Yong, Li (Research Institute of Petroleum Exploration and Development, PetroChina) | Changbing, Tian (Research Institute of Petroleum Exploration and Development, PetroChina) | Baozhu, Li (Research Institute of Petroleum Exploration and Development, PetroChina) | Yixiang, Zhu (Research Institute of Petroleum Exploration and Development, PetroChina) | Benbiao, Song (Research Institute of Petroleum Exploration and Development, PetroChina)
For reservoir development study, there are a lot of uncertainties in different research aspects. But if these uncertainties are ignored, reservoir performance could be much worse than expected because of wrong development options possibly selected and applied. Therefore, uncertainty analysis should be addressed during reservoir development study, and uncertainty parameters should be analyzed and their impact should be evaluated in order to reduce the corresponding risks. The paper proposes that uncertainty analysis should run through the whole study process of reservoir development plan.
Based on the reservoir development stage and reservoir geological features, all related uncertainty factors are identified. And the uncertainty range of each factor are determined with upside, expected and downside values or models. Then all factors are embedded into the static and dynamic models, and the uncertainty impact on reservoir performance are quantitatively evaluated based on the upside, expected and downside dynamic models respectively.
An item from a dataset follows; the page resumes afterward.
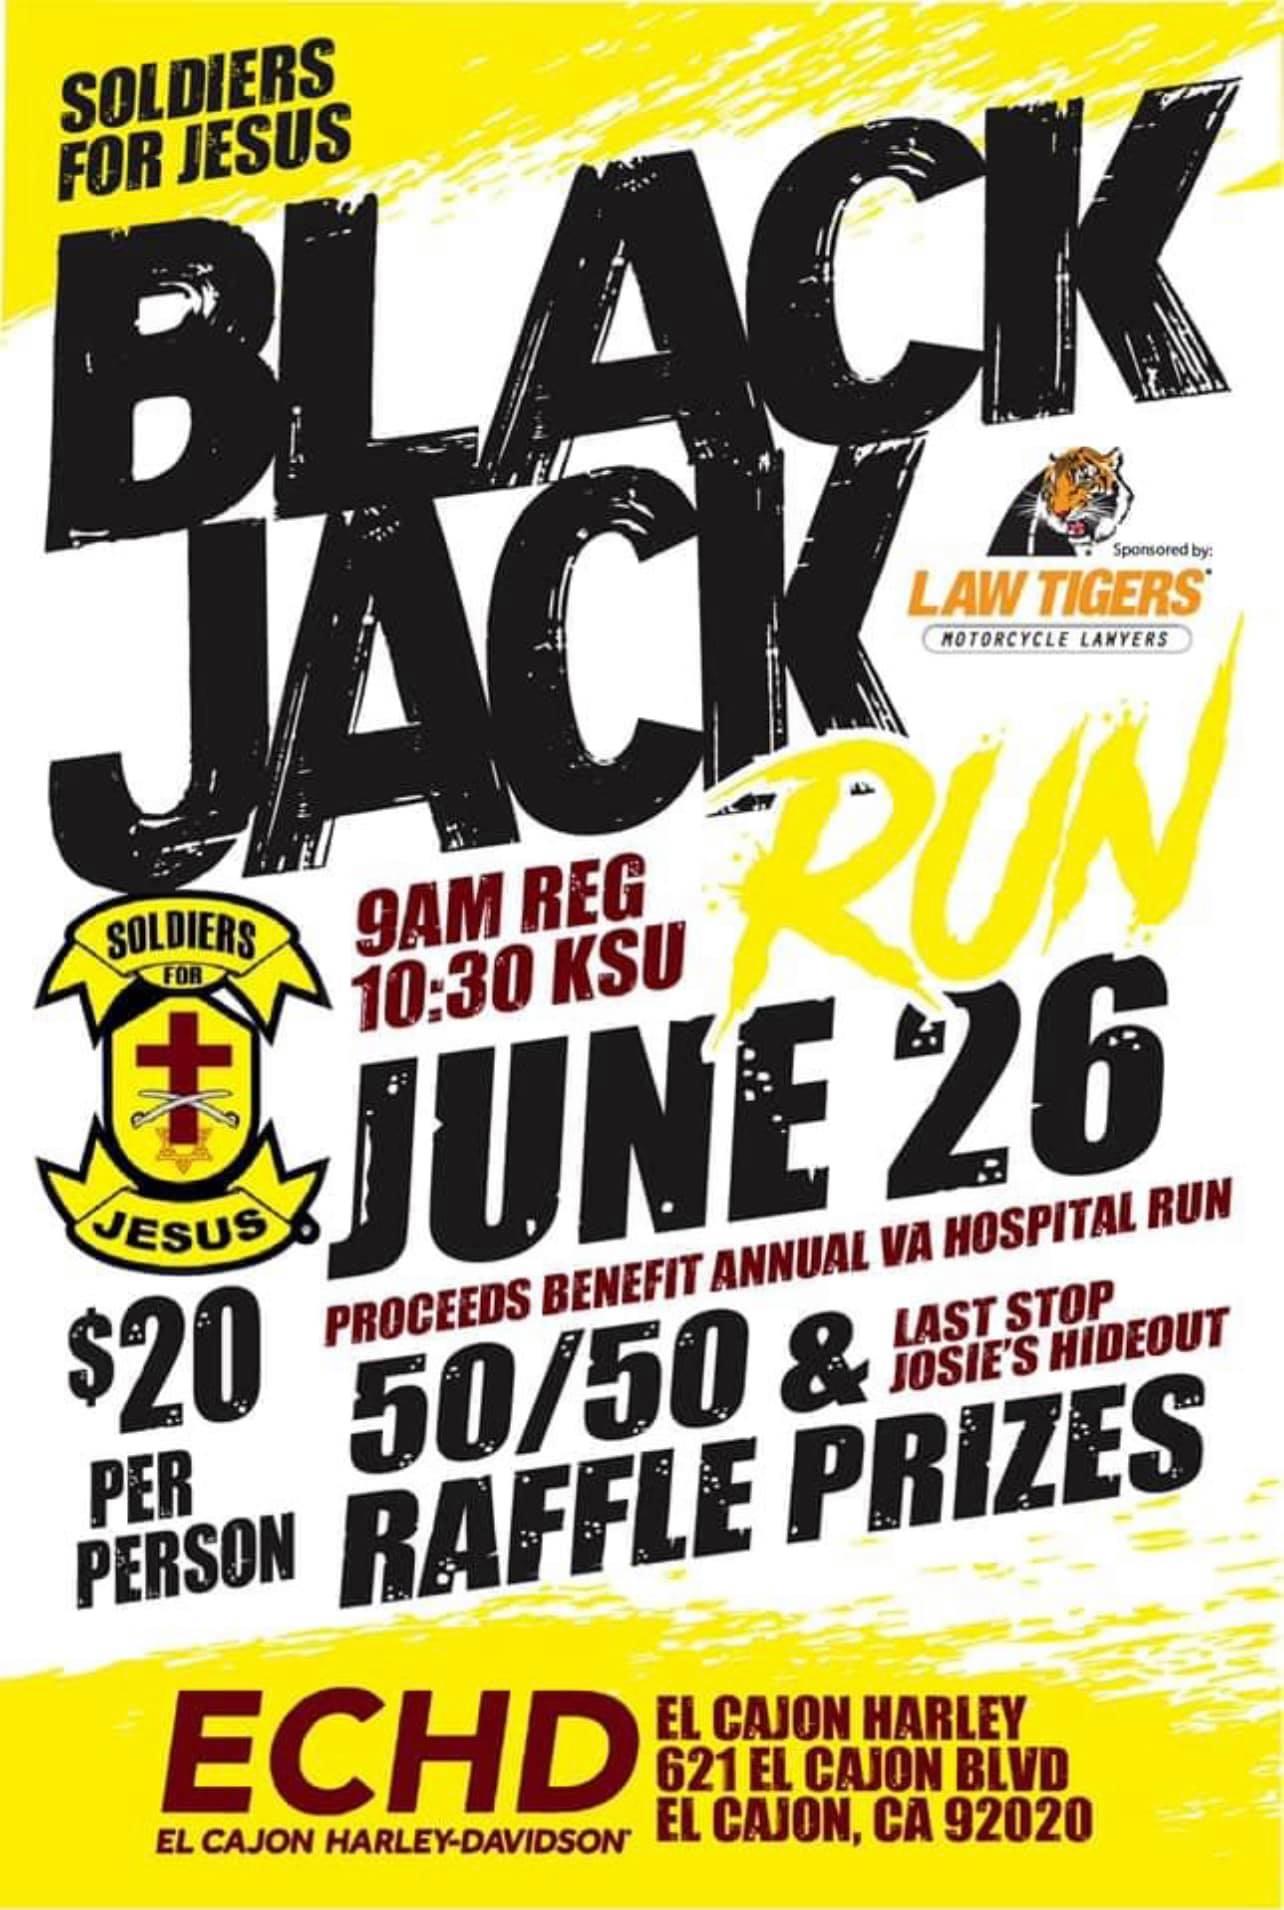 Soldier's For Jesus Black Jack Run

After that, uncertainty parameters are ranked into differernt groups.
Take one large multi-layered sandstone oilfield in Middle East for example, uncertainty analysis methods are illustrated. The large sandstone reservoir in Middle East is at its primary depletion development stage with only 5% recovery factor currently, and waterflooding is urgert. Firstly, key uncertainty parameters are determined, which can be mainly classified into two categoriesgeological model and dynamic model. Then according to the characteristic of this reservoir and uncertainties understanding of geological study, 3 static models with same probability are built. After that, uncertainties understanding of dynamic analysis are included into static models, and 3 dynamic models representing Upside, Expected and Downside models are generated in order to fully characterize all the uncertainties. So development options and development schemes optimization can be studied based on the 3 models in order to determine the uncertainties of water flooding performance. Finally the induced risks of each main uncertainty parameter are quantitatively evaluated, and corresponding treatments are proposed.
This paper offers the methodology and a case study on uncertainty analysis and management within the waterflooding development for a large multi-layered sandstone reservoir, and the results are valuable for the following development options decision making. It also provides a reference for uncertainty management of similar reservoir.